Lord Morris of Aberavon: My Lords, I thank the Minister for that reply and endorse the sentiments he expressed at the beginning. He recently replied to the noble Lord, Lord Kilclooney, that a Defence Minister had visited last September and that every effort was being made through representations to improve living conditions. Did the Minister actually see, in the former five-star Ledra Palace Hotel, what that noble Lord saw recently: electrical points hanging out of the walls in uninhabitable rooms, accounts of sewage coming back from the toilets and a total absence of air conditioning in the bedrooms? What specific action did he insist on, and on what timescale? What has been done since last September?
When these matters were put to the president of Cyprus, he said that Cyprus paid its contributions to the United Nations. Thousands of British tourists visit Cyprus; are these shameful conditions the best that we can do for our troops?
Lord Drayson: My Lords, I agree with my noble and learned friend that it is totally unsatisfactory. It really is not good enough. Since my right honourable friend the Minister for the Armed Forces visited those facilities very strong representations have been made to the Government of the Republic of Cyprus and to the United Nations. We expect to see improvements made quickly to the accommodation in which our troops are suffering.
Lord Anderson of Swansea: My Lords, I can confirm from my own observations that everything that my noble and learned friend Lord Morris has said is absolutely correct. How long have representations been made without anything being done about them? Is there no adequate inspection or monitoring system, and for how long will we allow this to continue?
Lord Drayson: My Lords, I understand that this situation has existed for several years. It is not good enough and, as I have said, representations have been significantly increased following the visit by my right honourable friend last September. We expect to see improvements made.

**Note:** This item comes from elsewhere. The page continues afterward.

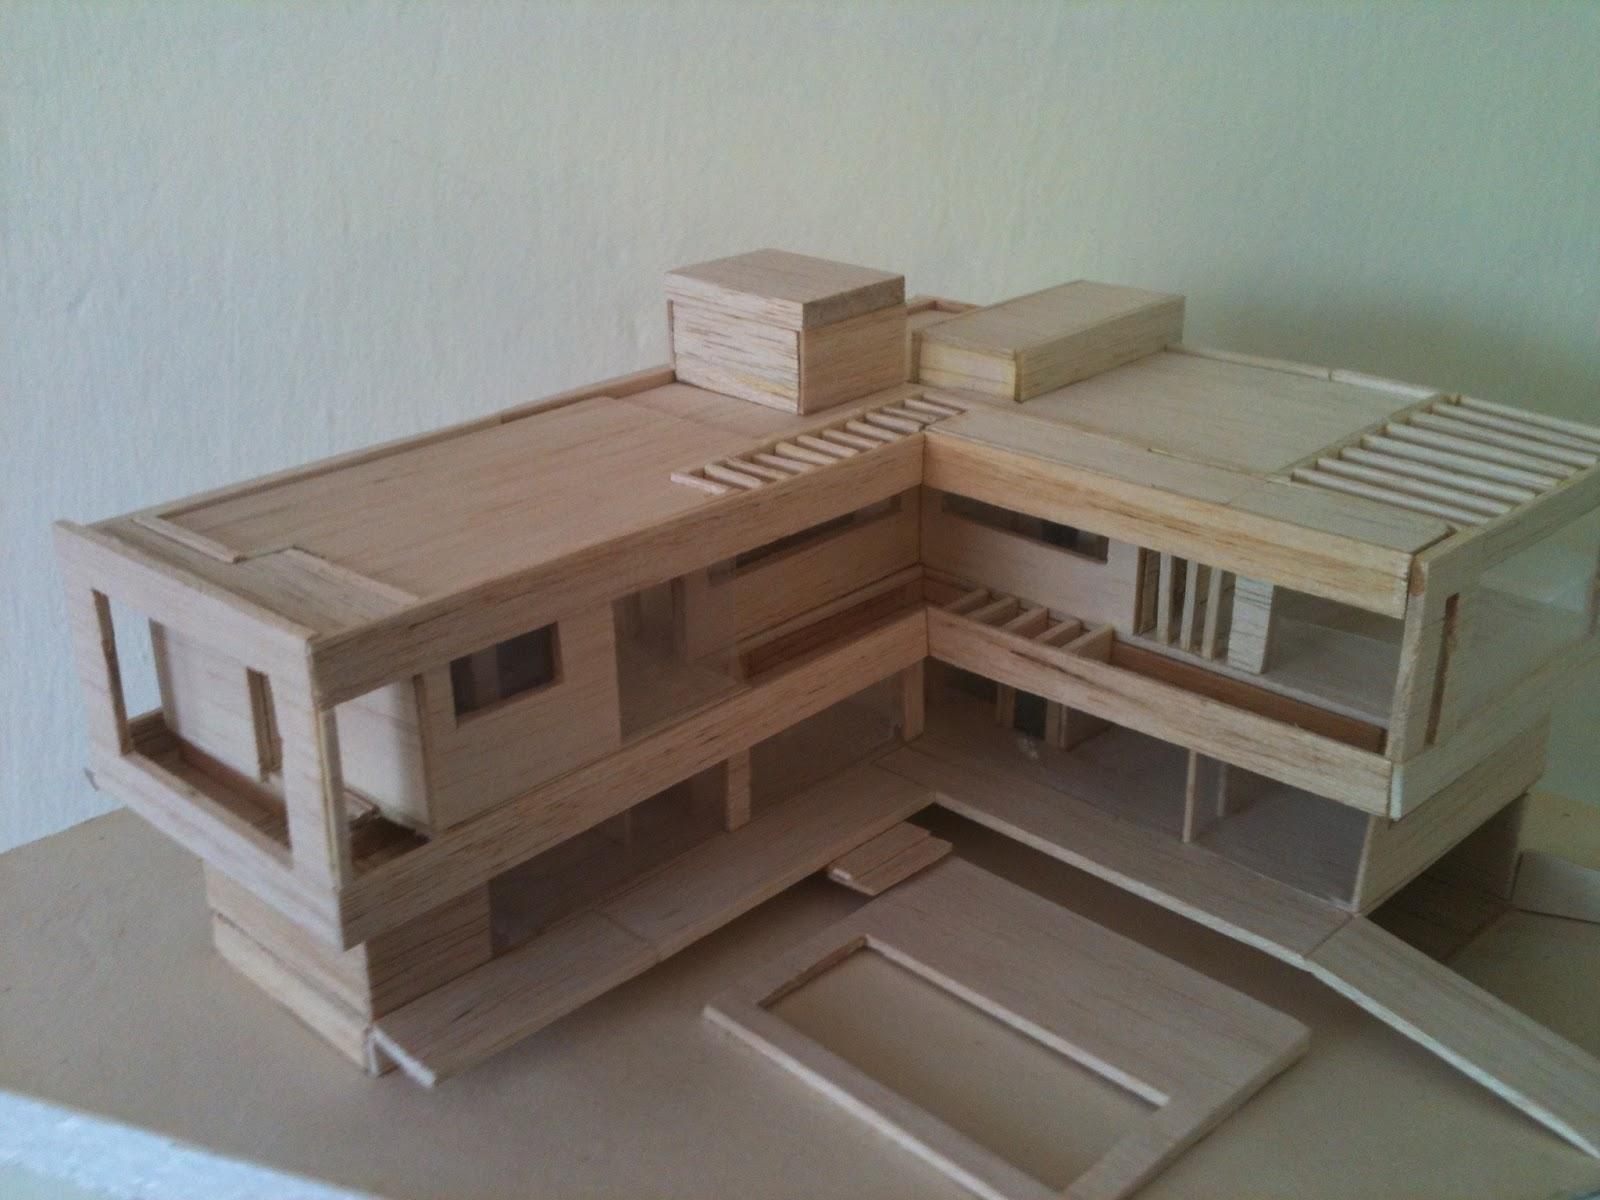 Maquete de prédio
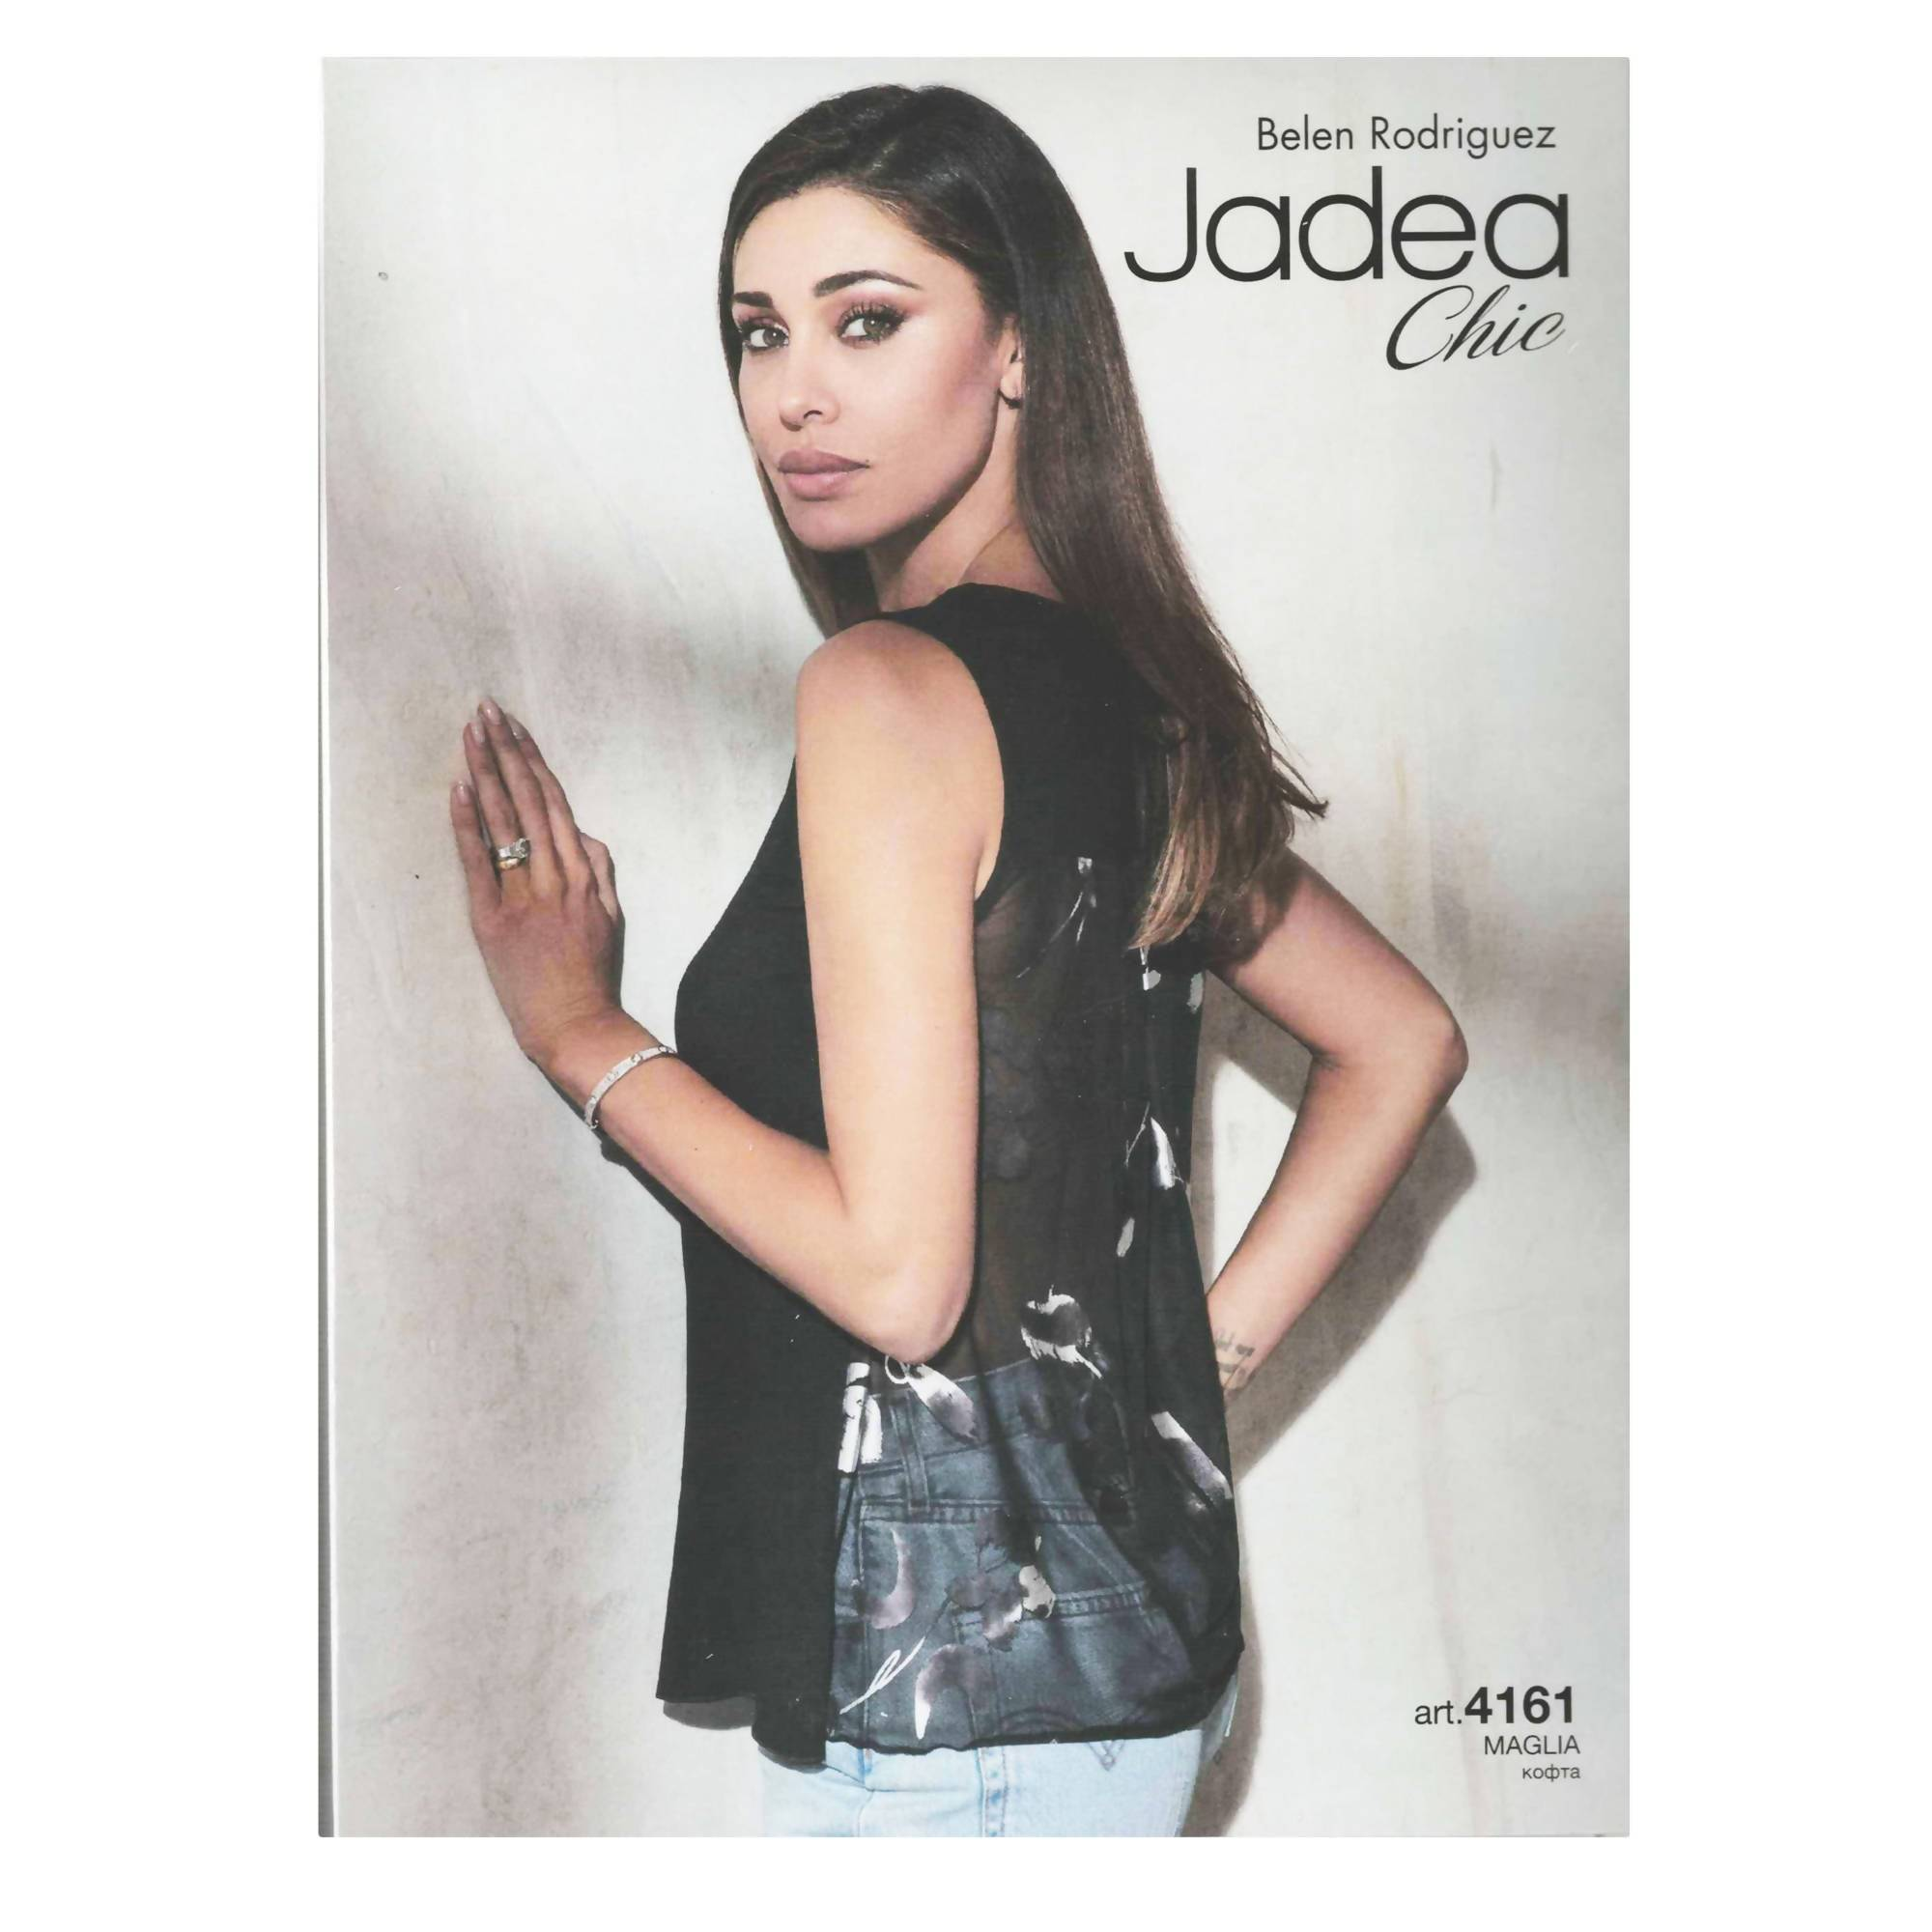 jadea art. 4161 jadea chic top canotta spalla larga nera made in italy maglia estiva semi trasparente canottiera art. 4161

Lord Hannay of Chiswick: My Lords, what implications might the recent steps by both Turkish and Greek Cypriots to free up access to Ledra Street and the two halves of the city of Nicosia have for the British UN troops manning that part of the green line? Is it not time to look seriously at converting UNFICIP into an observer force only? That would, of course, have implications for the troops accommodation that is so clearly unsatisfactory.
Lord Drayson: My Lords, I am not aware of the specific changes that the noble Lord mentions. I will write to him in response to his question. In addition to the representations, we are looking at the actions that we could take ourselves. However, we feel that this is the responsibility of the Republic of Cyprus Government, and we expect them to rectify it. We are looking at other options such as building our own accommodation but, given the time that that would take, the answer is to address the conditions in the Ledra Palace Hotel.
Lord Wallace of Saltaire: My Lords, the British Government have a very large and underutilised sovereign base not far from Nicosia. I assume that there is a good deal of surplus accommodation there. Could that not be part of the solution to this problem?
Lord Elton: My Lords, providing a solution ourselves in the form of bricks and mortar would, presumably, be exactly what the Government of Cyprus want. Is there no other recourse that we can take besides making representations, which clearly do not work?